Segment Start: The records
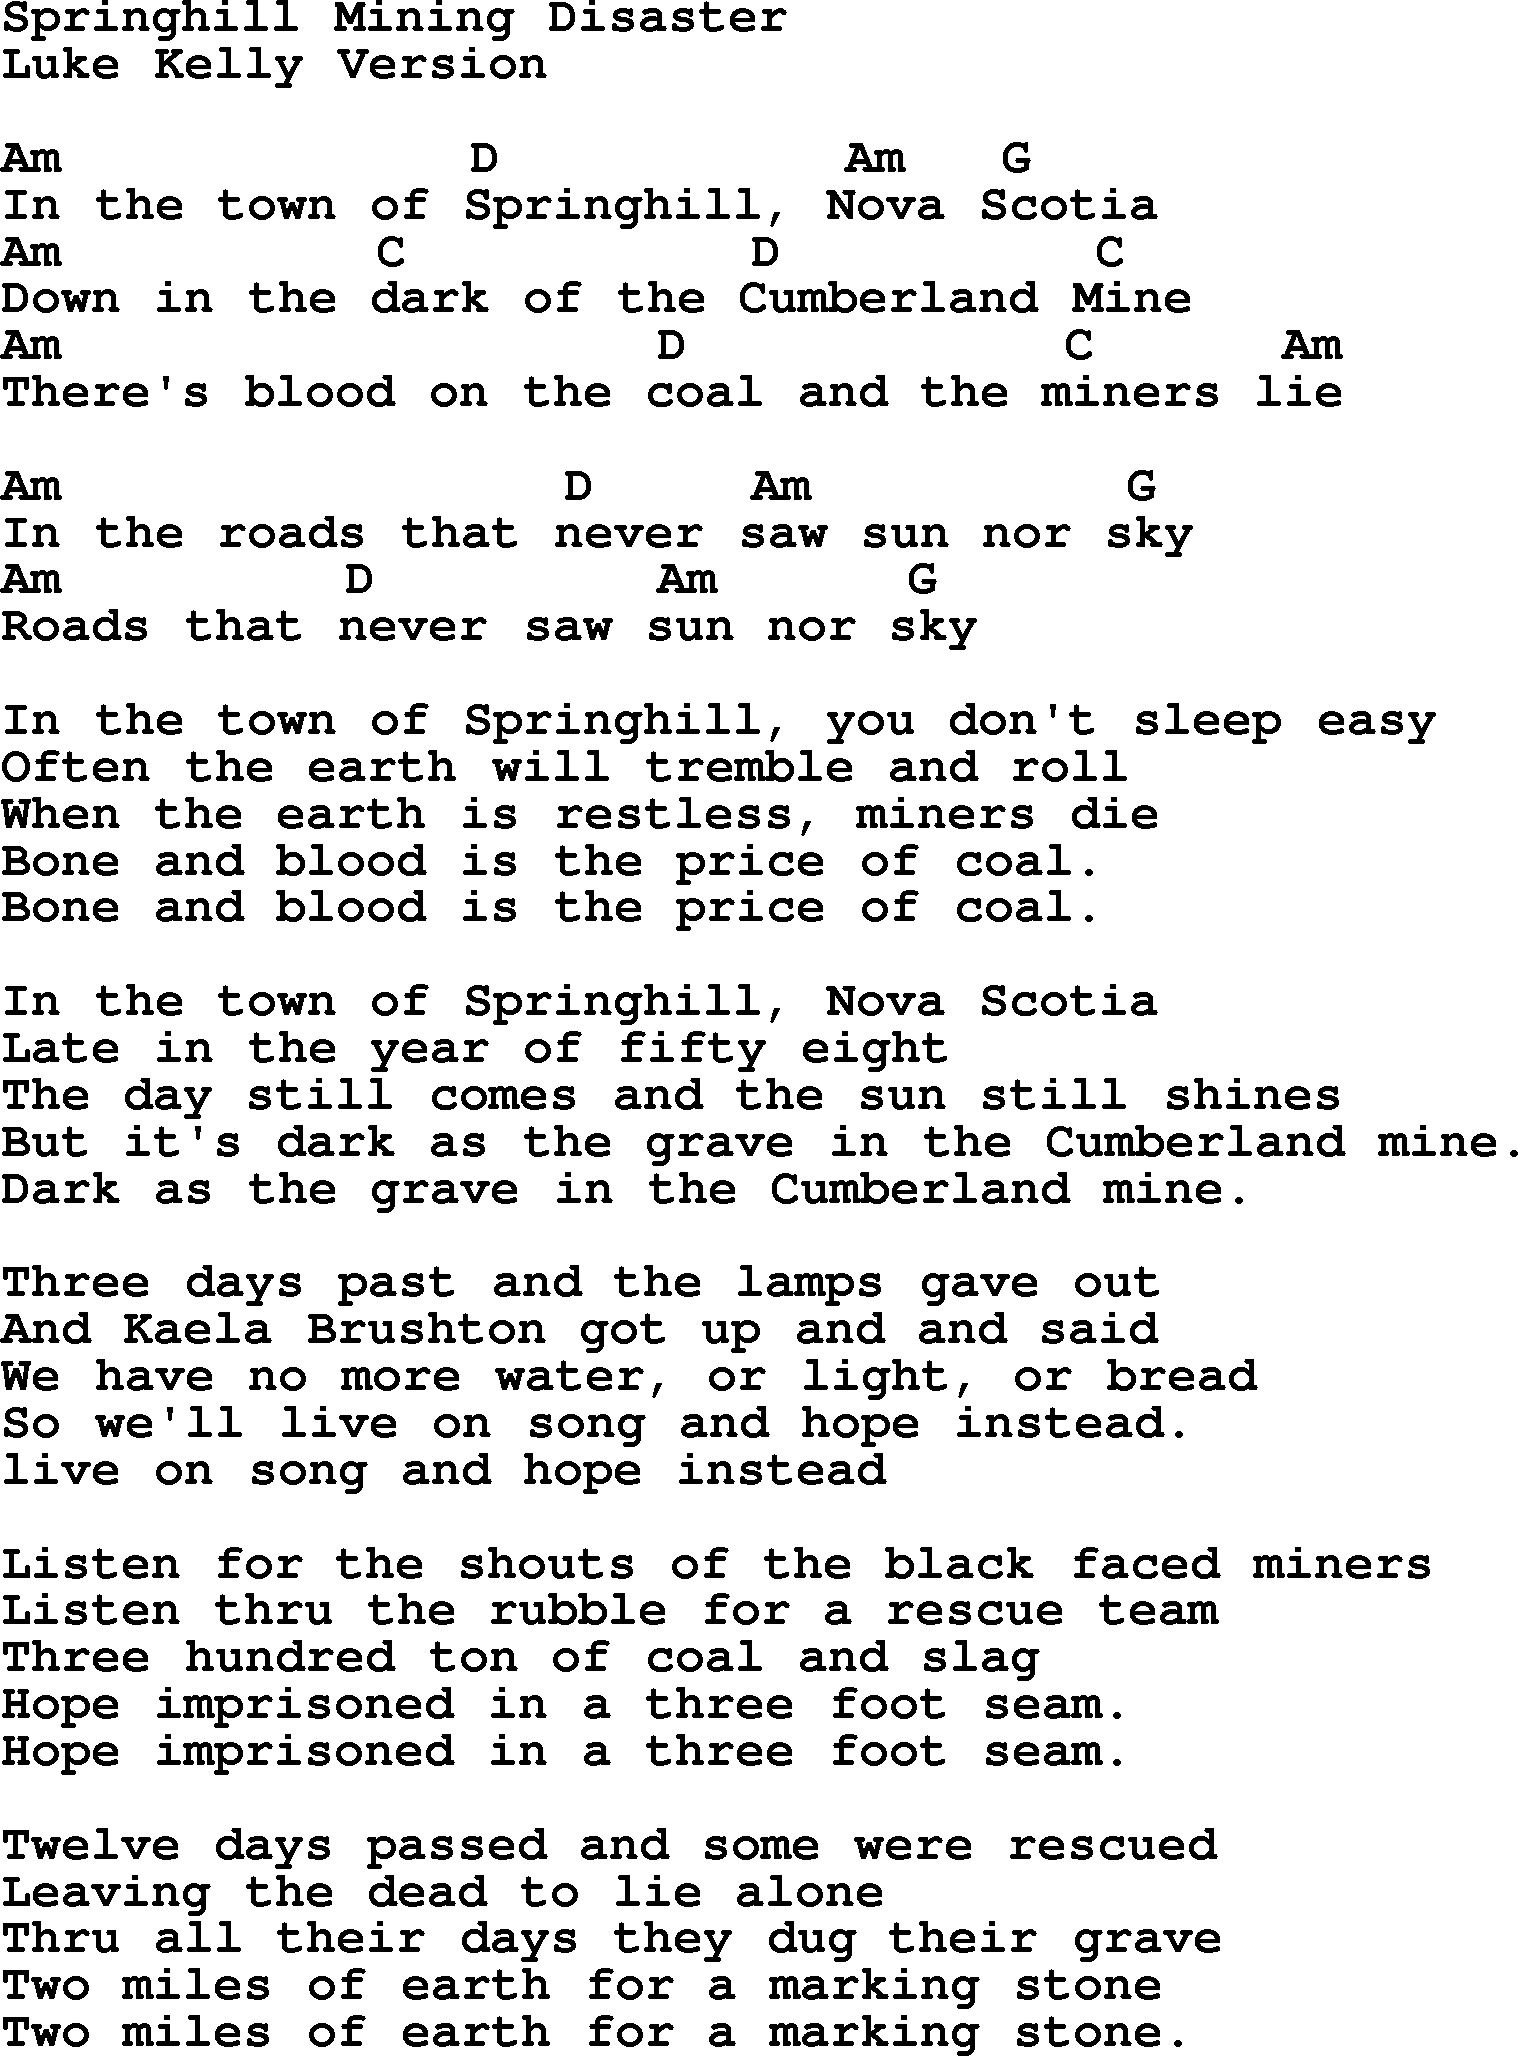 The Dubliners song: Springhill Mining Disaster Luke Kelly Version, lyrics and chords
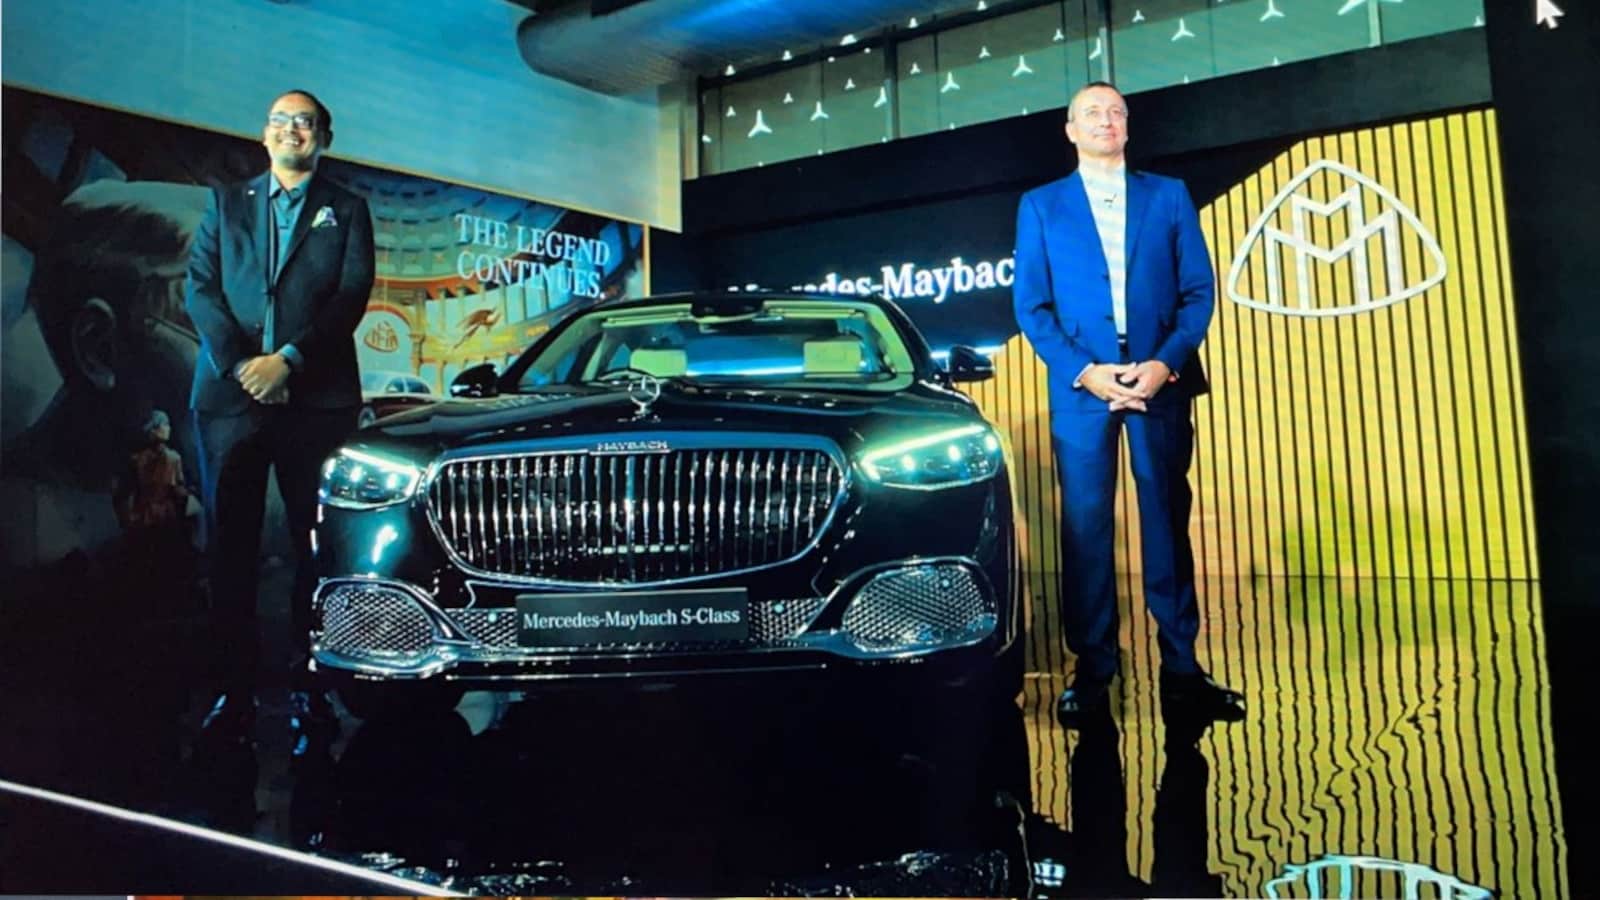 https://images.moneycontrol.com/static-mcnews/2022/03/1-mercedes-maybach-new-sclass.jpg?impolicy=website&width=1600&height=900
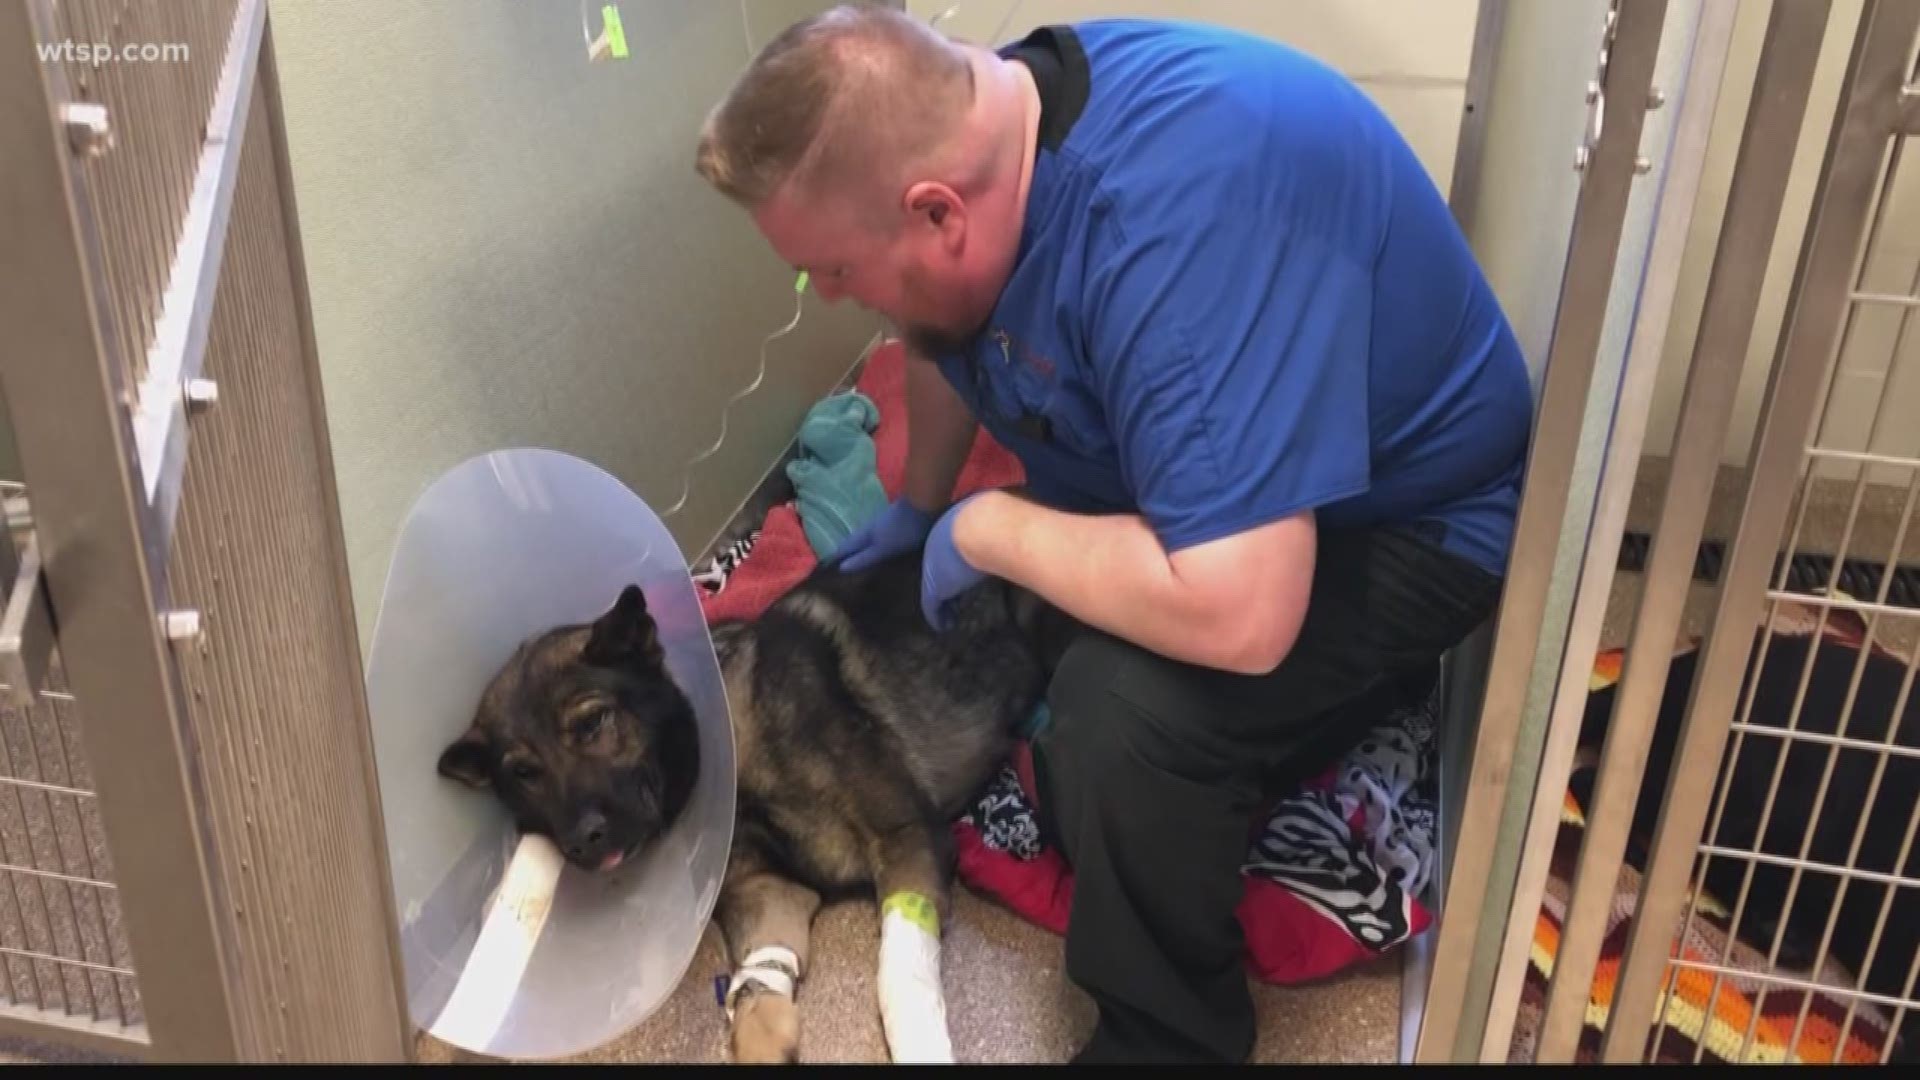 St. Petersburg Police K-9 ‘Titan’ is expected to survive injuries he sustained in a shooting early Friday morning.

But officials say it is too early to know if Titan will recover well enough to ever get back on the street.
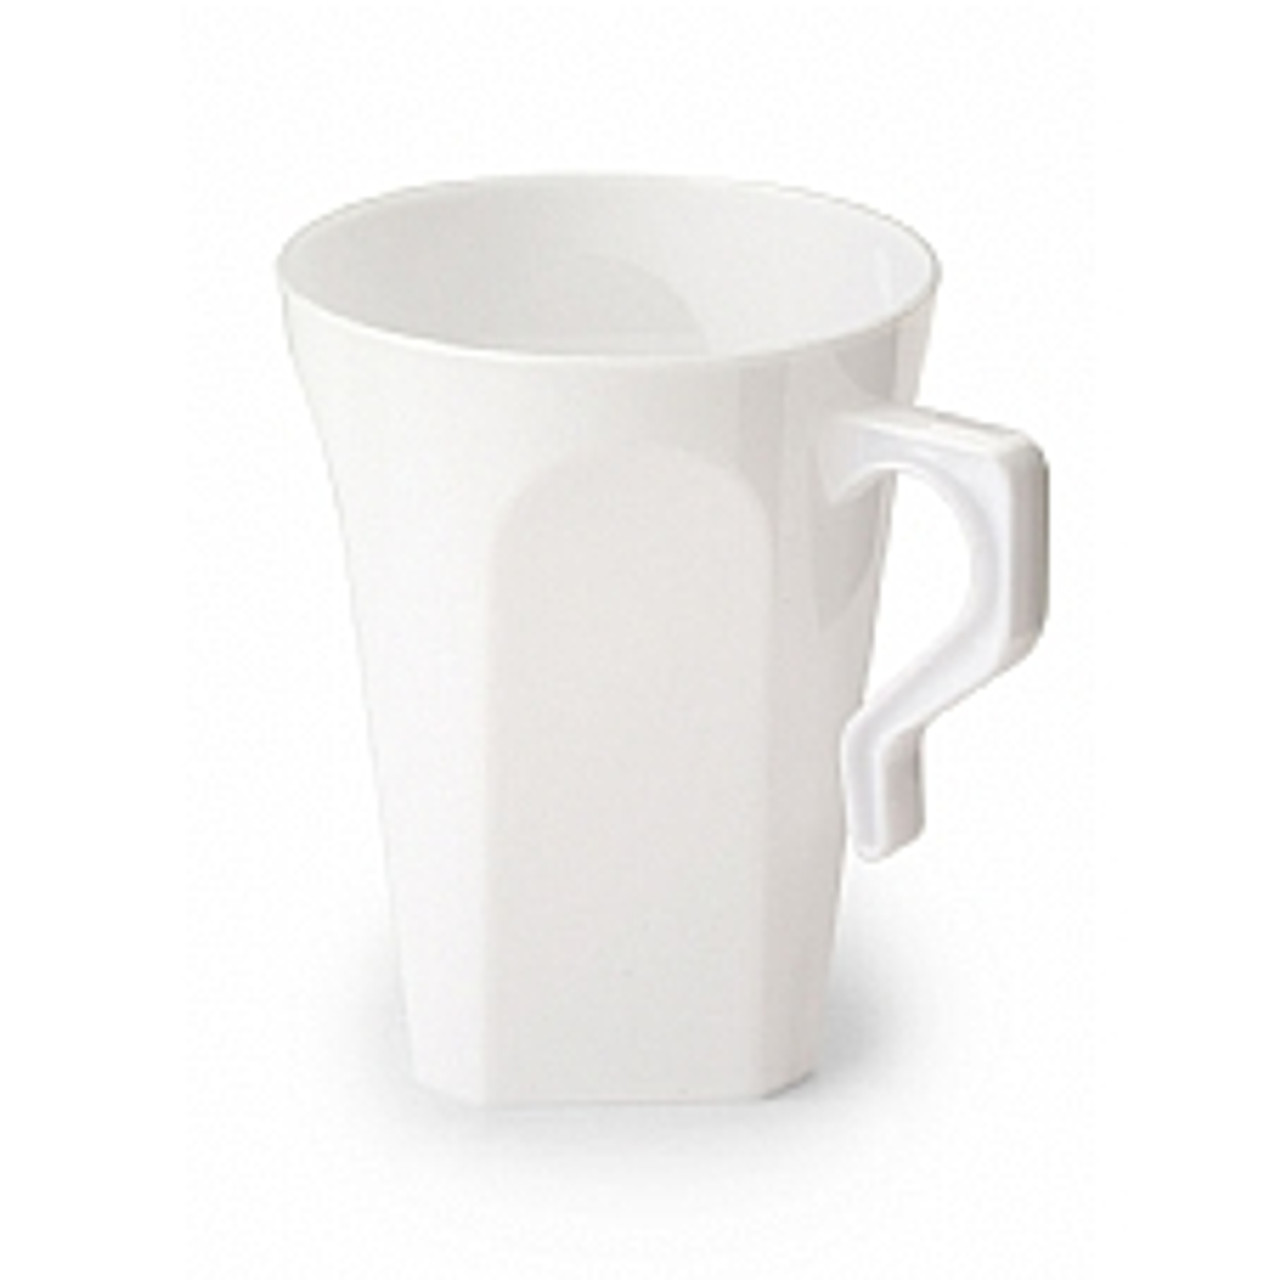 https://cdn11.bigcommerce.com/s-hgqmwywp99/images/stencil/1280x1280/products/49216/44007/8-5-oz-square-bottom-plastic-coffee-mugs-8ct-16__17660.1675880319.jpg?c=1?imbypass=on
Segment End: The records
## Task to carry out:
With the pictures omitted, the records above are to be repeated exactly.

## Answer to this task:
 The Dubliners song: Springhill Mining Disaster Luke Kelly Version, lyrics and chords
 https://images.moneycontrol.com/static-mcnews/2022/03/1-mercedes-maybach-new-sclass.jpg?impolicy=website&width=1600&height=900
 St. Petersburg Police K-9 ‘Titan’ is expected to survive injuries he sustained in a shooting early Friday morning.

But officials say it is too early to know if Titan will recover well enough to ever get back on the street.
 https://cdn11.bigcommerce.com/s-hgqmwywp99/images/stencil/1280x1280/products/49216/44007/8-5-oz-square-bottom-plastic-coffee-mugs-8ct-16__17660.1675880319.jpg?c=1?imbypass=on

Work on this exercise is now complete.